Here is an example. Harry has always heard a story about how a mysterious stranger stole his mother's necklace on the subway and consequently, she met Harry's father and fell in love. Much later in life, Harry builds a time machine. He decides he wants to find the mysterious stranger, so he travels to the fateful date and rides the subway looking for his mother. He ends up on a subway car with his mother. But no one else is around.

"Where is the mysterious stranger?" Harry thinks.

He waits, but no one comes. Eventually, he worries that if someone doesn't steal that necklace soon, he might never be born. So, he does the stealing himself. His mother chases him trying to retrieve her stolen property, but Harry uses his time machine to vanish after running around a corner. Only after returning home and calming down does Harry realize that he was the mysterious stranger all along.

Since it is Christmas time, we might imagine that Harry wraps the necklace up as a gift for his mother. (He's not really a thief, after all.)

The story is perfectly consistent. Just how or why the universe settles on this consistent story may not be clear, but then, I'm not sure why the universe requires photons to travel along null geodesics. One might worry, along the lines of a bilking argument, about what would have happened had Harry decided not to steal the necklace. If Harry had not stolen the necklace, then Harry's mother would never have met his father, and so on. Yes, but Harry did steal the necklace. The central point is that such stories are consistent, and consistency is all that matters.

Ontic Loops

Another class of time-travel paradox is what I will call ontic loops. An ontic loop occurs when there is a self-contained chain of objects o1 = o2 = ... = on = o1, where the objects are identical. Under this characterization, ontic loops are no more mysterious or inconsistent than causal loops. However, an additional continuity constraint leads to serious problems.

Rather than try to say what the constraint looks like abstractly, let me illustrate with a problematic object in the atrocious film Somewhere in Time.

In the film, Christopher Reeve's character receives a pocket watch from an elderly woman who tells him to find her again. He then travels to the past using what can only be described as the silliest time-travel theory ever. While in the past, he gives the pocket watch to a young version of the elderly woman. And there you have it: a watch from nowhere.

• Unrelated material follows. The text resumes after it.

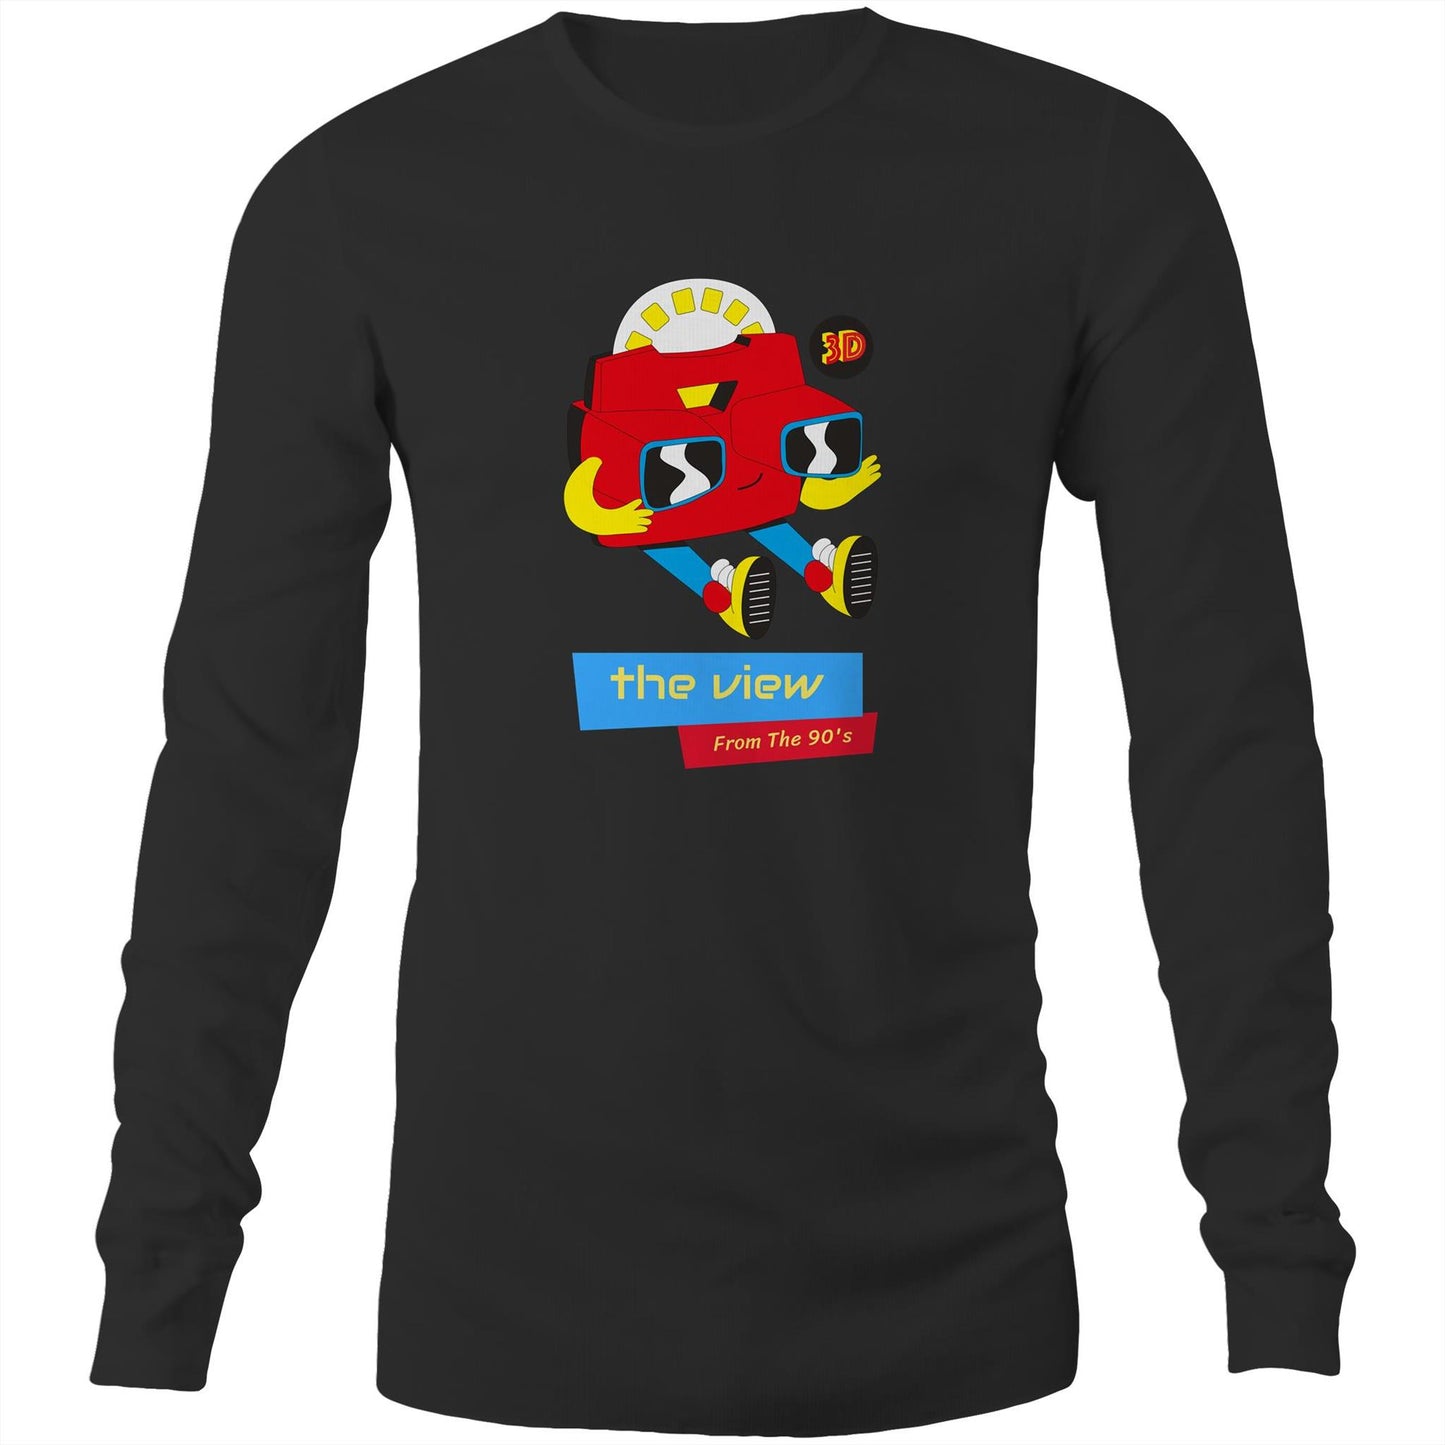 The View From The 90's - Long Sleeve T-Shirt Black Unisex Long Sleeve T-shirt Retro

What's problematic about the watch from nowhere? Pick a time during which the watch exists, say March 4, 1973. Presumably, the watch was a little older -- a little more worn out -- than it was in 1972. But then, repeat that observation and trace back far enough, and you discover that the watch on March 4, 1973 is older and more worn out than it was on March 4, 1973! The watch ends up having incompatible properties at the same time.

If we are allowed to introduce discontinuities, then we can get out of the paradox. For example, we might suppose that at some time(s), the watch is very thoroughly repaired -- with all of its parts replaced. In that case, the watch never has inconsistent properties at the same time. But if even so much as a single gear is never replaced, then we have to imagine a different kind of discontinuity: the gear (or watch) becomes older and more worn over time until at some time, all at once, the gear (or watch) is suddenly quite a bit younger, quite a bit less worn out.

To take another example, imagine a glass of water and ice cubes on a closed timelike curve. Suppose that the curve is long enough to allow all of the ice to completely melt into water. As you go around the curve, the ice melts almost surely (in the technical sense). But at some point, there is a discontinuity, where going forward in time, the glass of water transforms into a glass filled with ice.

Alternatively, we could try to preserve continuity by imagining the watch becoming older for a while and then becoming younger for a while, or by imagining the ice melting for a while and then freezing for a while. But to do that requires that for half of its travels through time, the problematic object is violating laws of thermodynamics. And in this house, we obey the laws of thermodynamics!